Muhammed Kiprit

Personal information
- Full name: Muhammed Enes Kiprit
- Date of birth: 9 July 1999 (age 27)
- Place of birth: Berlin, Germany
- Height: 1.84 m (6 ft 0 in)
- Position: Forward

Team information
- Current team: Manisa
- Number: 23

Youth career
- 2014–2015: Tennis Borussia Berlin
- 2015–2019: Hertha BSC

Senior career*
- Years: Team / Apps / (Gls)
- 2017–2020: Hertha BSC II / 43 / (25)
- 2019: → Wacker Innsbruck (loan) / 5 / (0)
- 2020–2021: KFC Uerdingen / 36 / (9)
- 2021–2023: 1. FC Kaiserslautern / 26 / (3)
- 2023–: Manisa / 78 / (7)
- 2024: → Şanlıurfaspor (loan) / 8 / (0)

International career^{‡}
- 2016–2017: Turkey U19 / 2 / (0)
- 2018: Germany U19 / 1 / (0)
- 2018–2019: Turkey U21 / 4 / (1)

= Muhammed Kiprit =

Turkish footballer

Muhammed Enes Kiprit (born 9 July 1999) is a professional footballer who plays as a forward for TFF First League club Manisa. He represented both Germany and, most recently, Turkey at youth level.

==Club career==
A youth product of Hertha BSC, Kiprit signed his first professional contract with them on 11 May 2018. Kiprit was loaned to Wacker Innsbruck in Austria in February 2019. Kiprit made his professional debut with Wacker Innsbruck in a 3–0 Austrian Football Bundesliga loss to FC Admira Wacker Mödling on 23 February 2019.

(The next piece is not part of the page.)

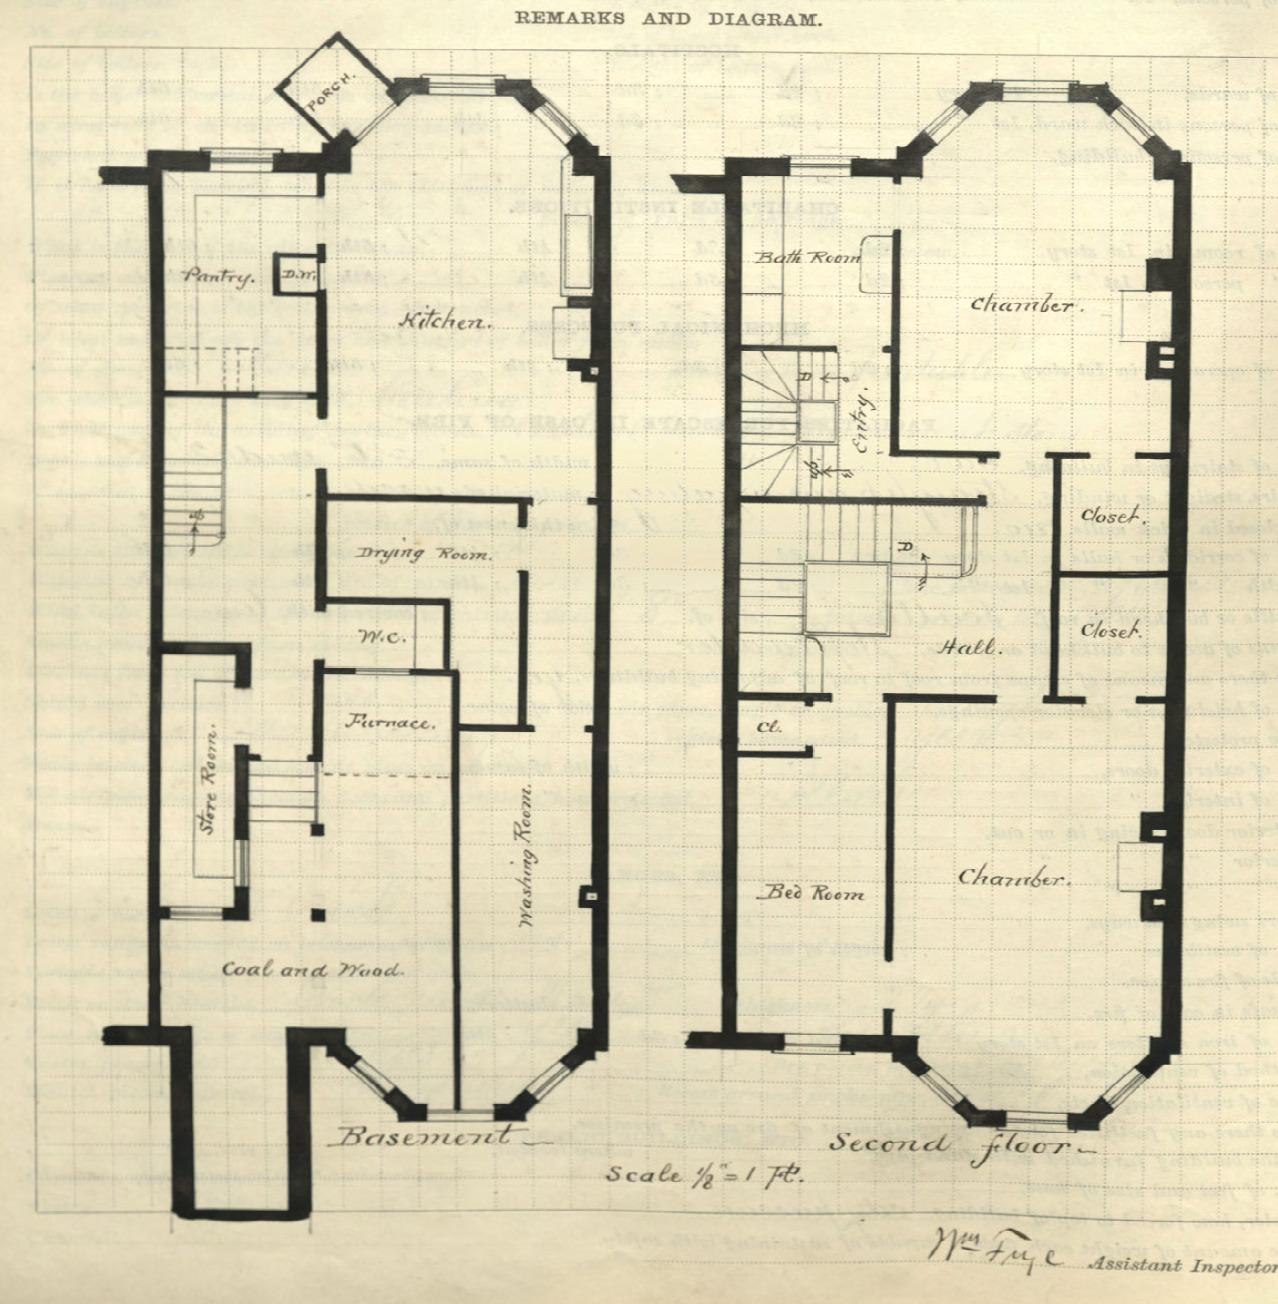 320 marlborough back bay houses for Marlborough house floor plan

He signed for KFC Uerdingen on a two-year contract in September 2020. He scored 9 goals in 36 appearances in the 3. Liga.

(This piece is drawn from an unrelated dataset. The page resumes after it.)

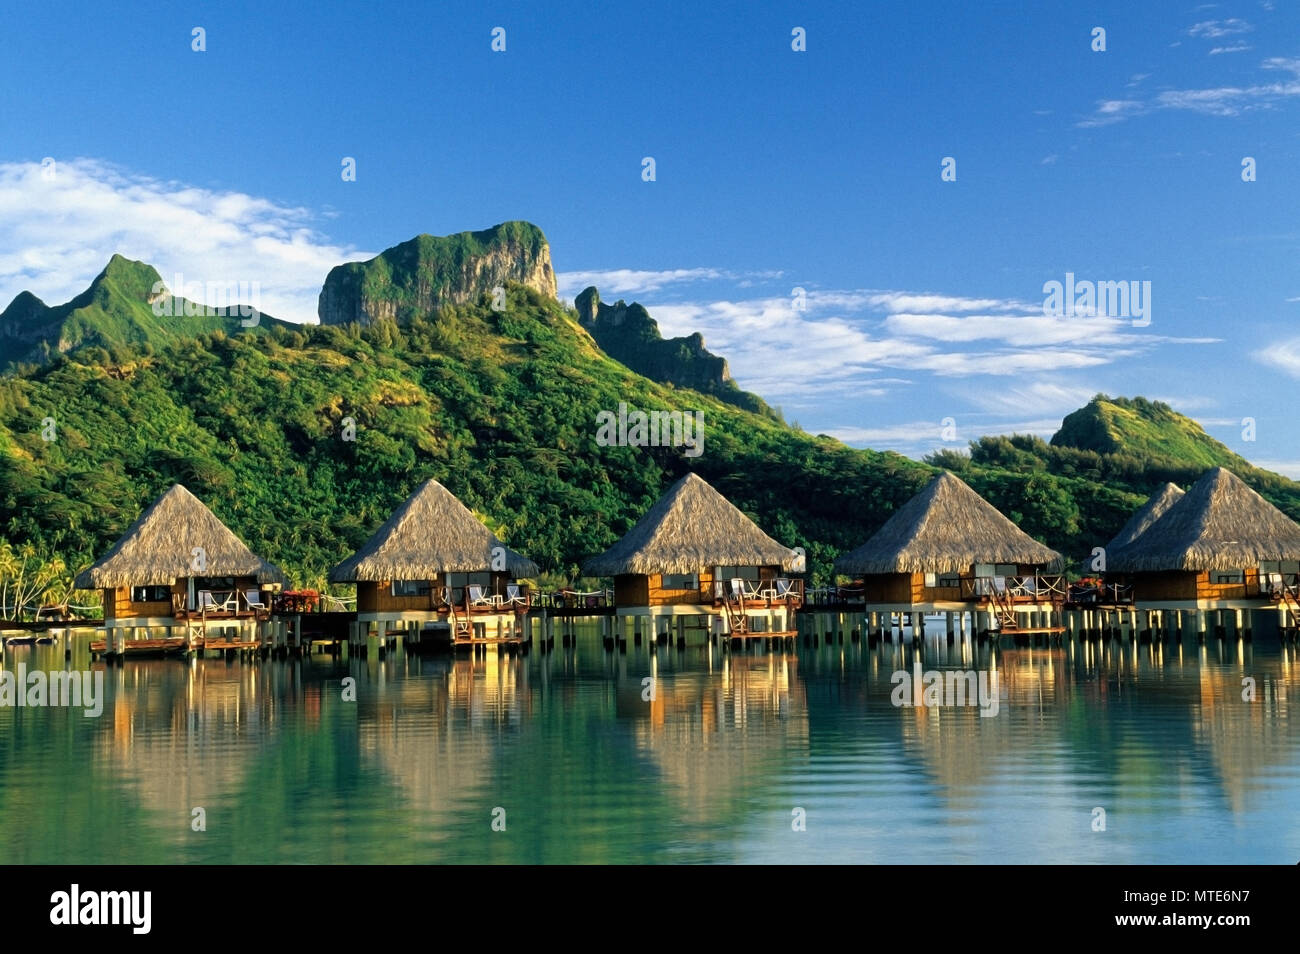 Moana Beach Park Royal Hotel, overwater bungalows, lagoon,  Matira Point,  Bora Bora. Stock Photo

Kiprit moved to 1. FC Kaiserslautern in July 2021.

On 11 September 2023, Kiprit signed a three-year contract with Manisa in the TFF First League.

==International career==
Kiprit was born in Germany and is of Turkish descent, and represented both countries at a youth level. Originally a youth international for Turkey, Kiprit represented the Germany national under-19 team once in 2018. He then switched back to represent the Turkey U21s.